Günaydın kralım. Ben ülkenizden geçen bir gezginim. Adım Hüseyin’dir.

– Elinde hiçbir yerde olmayan bir ağaç varmış. Kolculara öyle söylemişsin.

– Evet kralım. Henüz fidan halinde.

Gezgin sırt torbasından bir fidan çıkararak krala gösterdi. Sonra konuşmasını sürdürdü:

– Ülkenizden geçerken bir çok şey gördüm. Komşular birbirleriyle konuşmuyordu. Yoldaki insanlar birbirlerinden kaçıyordu. Çocuklar hiç oyun oynamıyordu. Bu fidan sizin umudunuzdur.

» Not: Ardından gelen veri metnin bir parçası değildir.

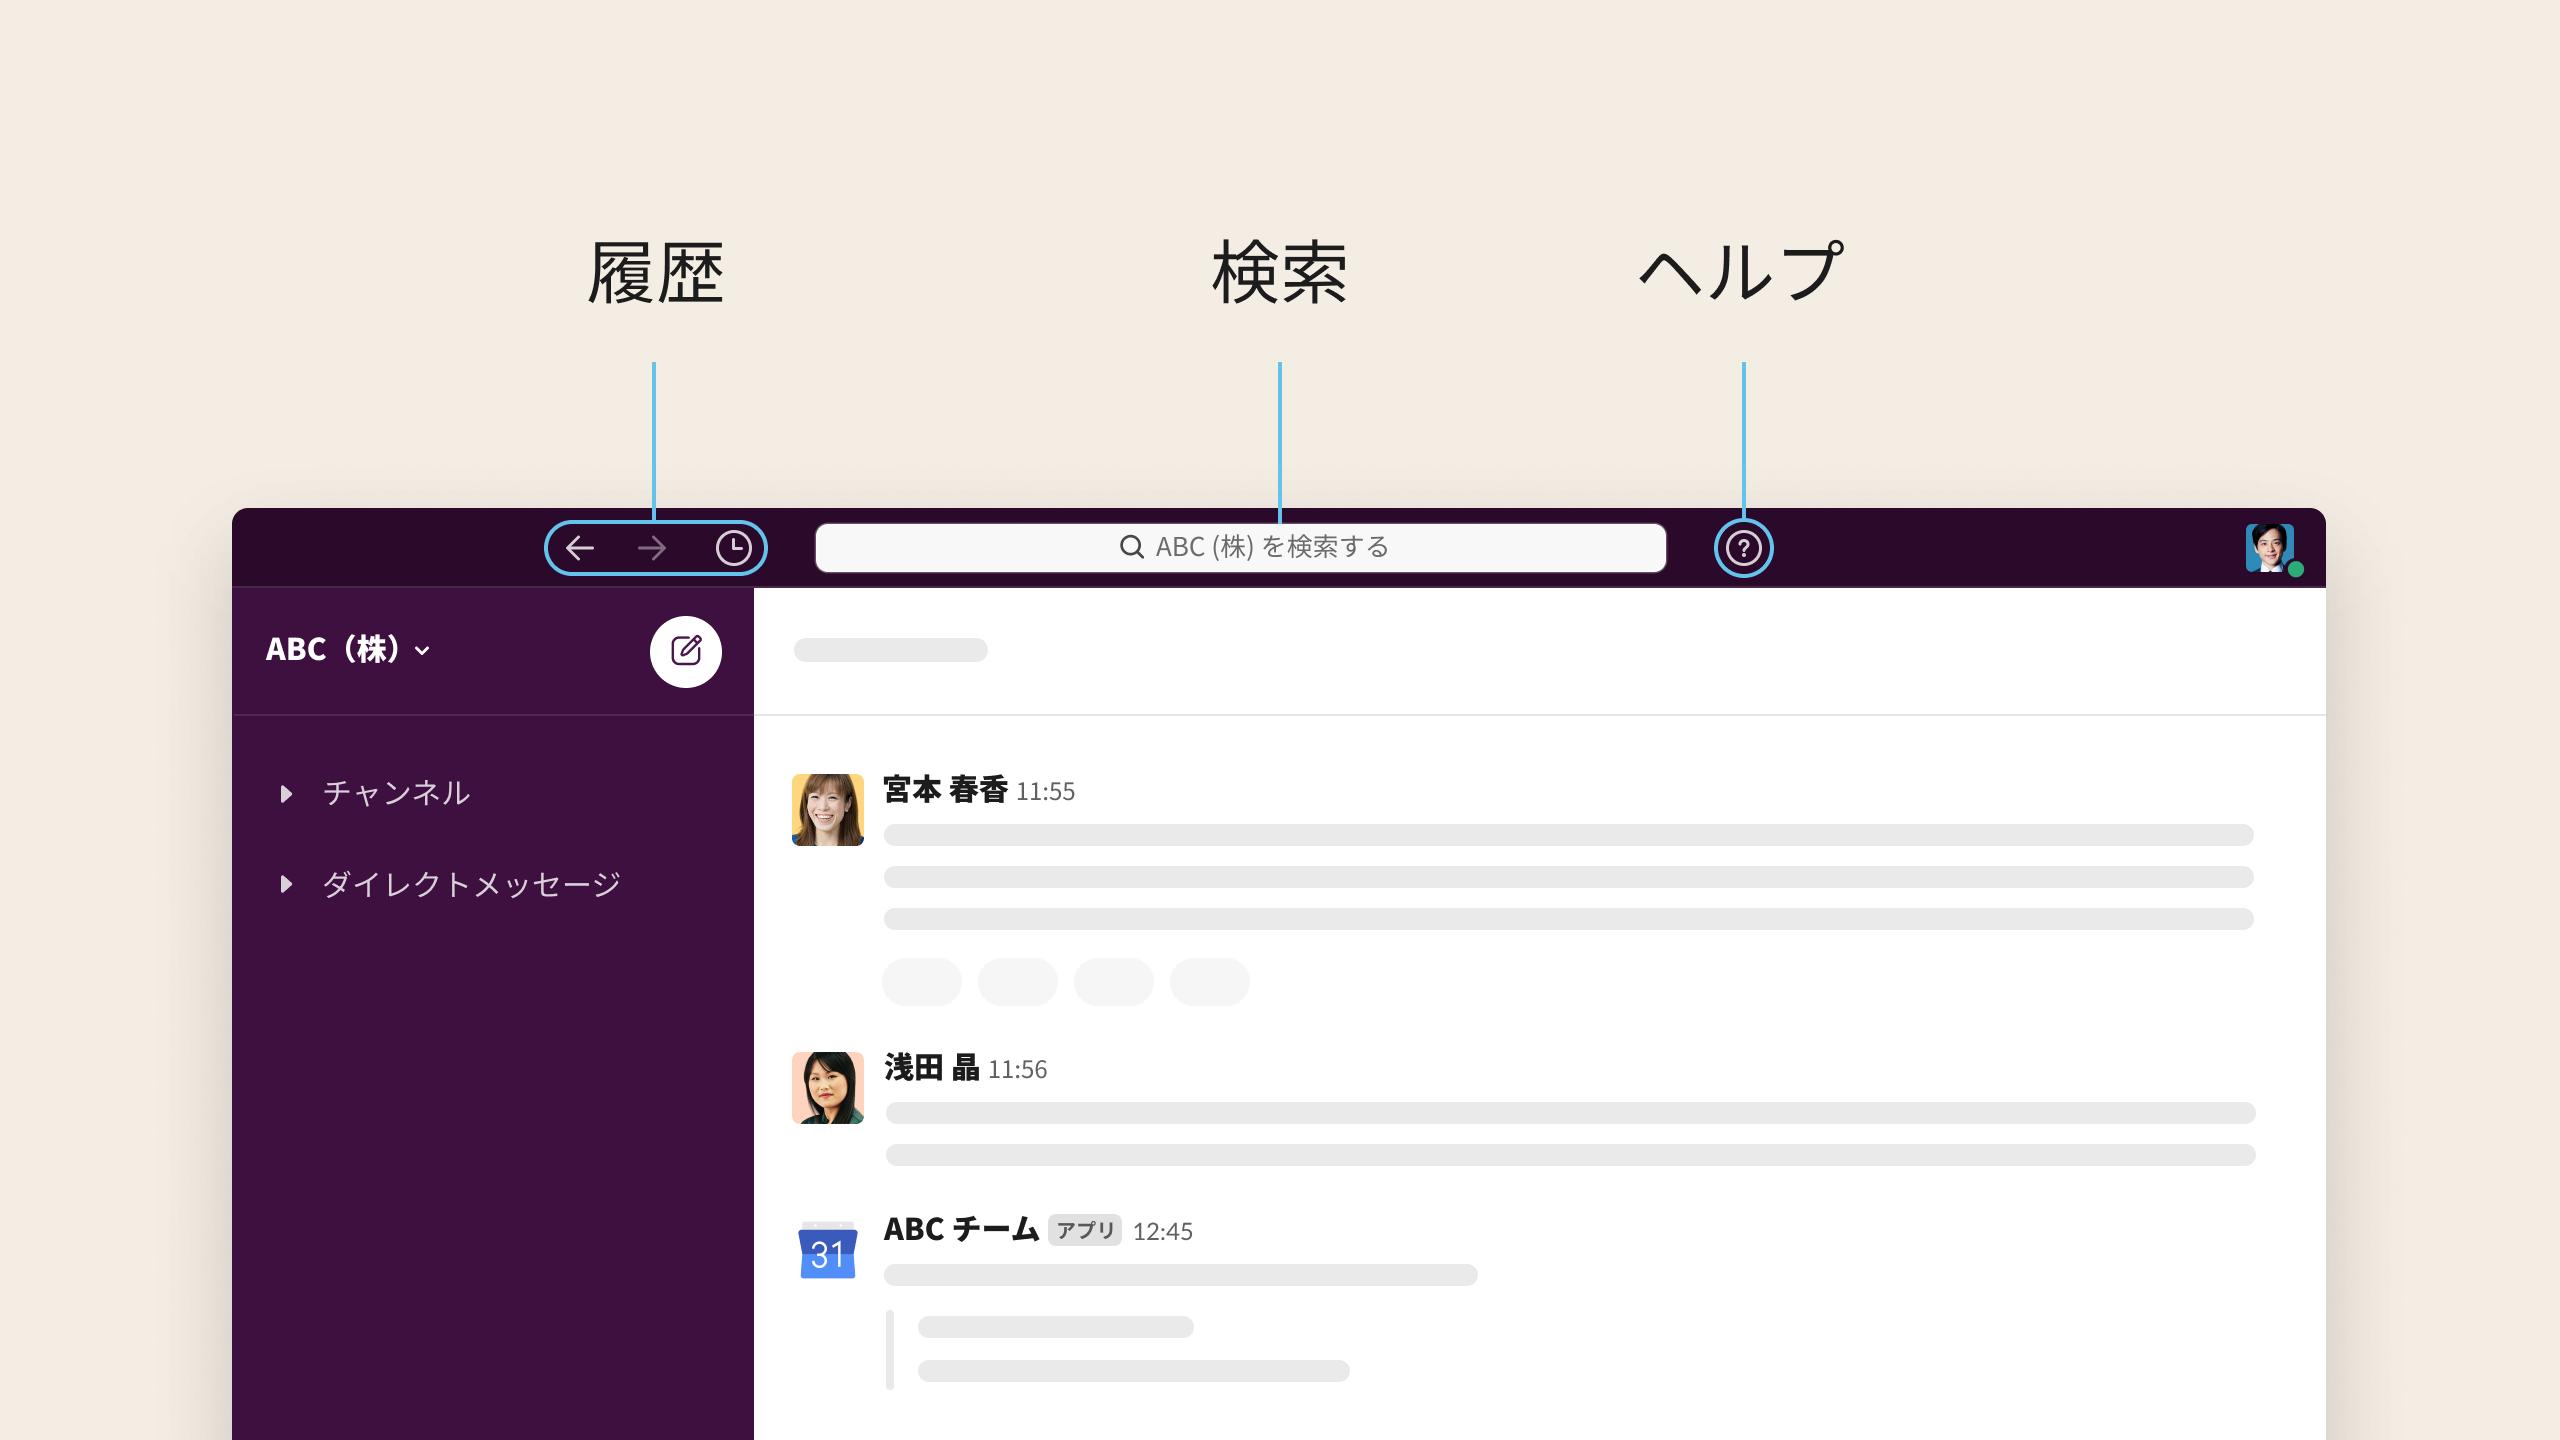 Slack デスクトップアプリの上部に、ナビゲーションアイコンや検索バーが表示されている

-Bu fidan ülkemi mutluluğa mı kavuşturacak? Sana inanayım mı? Arka arkaya yaptığımız savaşlar ülkemizi zor duruma düşürdü. Bir çok aile parçalandı. Savaşta yapılan hatalarda herkes birbirini suçladı. Geri gelmeyi başarabilenler ise sadece kıskanıldı. Halkım tekrar mutlu mu olacak? Yine barış halinde yaşamalarını sadece bu fidan mı sağlayacak?

-Evet kralım, sadece bu fidan. Bu fidanı ülkenin merkezinde verimli bir toprağa dikin. Onu her gün sabahtan bir kez sulayın. Bu fidan büyüyüp ağaç olduğunda ülkeniz de barışa kavuşacak.

– Denemekten bir şey çıkmaz, dedi kral. Fidan için ne istiyorsun?

– On yıl sonra geri döneceğim. Eğer fidan ağaç olduysa ondan sadece bir tohum istiyorum, o kadar.

Şaşıran kral,

– Bu kadarcık mı? diye sordu.

– Evet, kralım. İzninizle ben şimdi gidiyorum. Bu fidana iyi bakın ve dediklerimi lütfen unutmayın.

Krala doğru ilerleyerek elindeki fidanı onun dizlerine bıraktı. Selam vererek kralın huzurundan ayrıldı. Gezginin gitmesinden sonra kral, hemen bahçıvanlarına emir verdi. Fidanı ülkenin merkezinde bir bahçenin ortasına diktirdi. Onlara fidanı her gün sabahtan bir kez sulamalarını emretti.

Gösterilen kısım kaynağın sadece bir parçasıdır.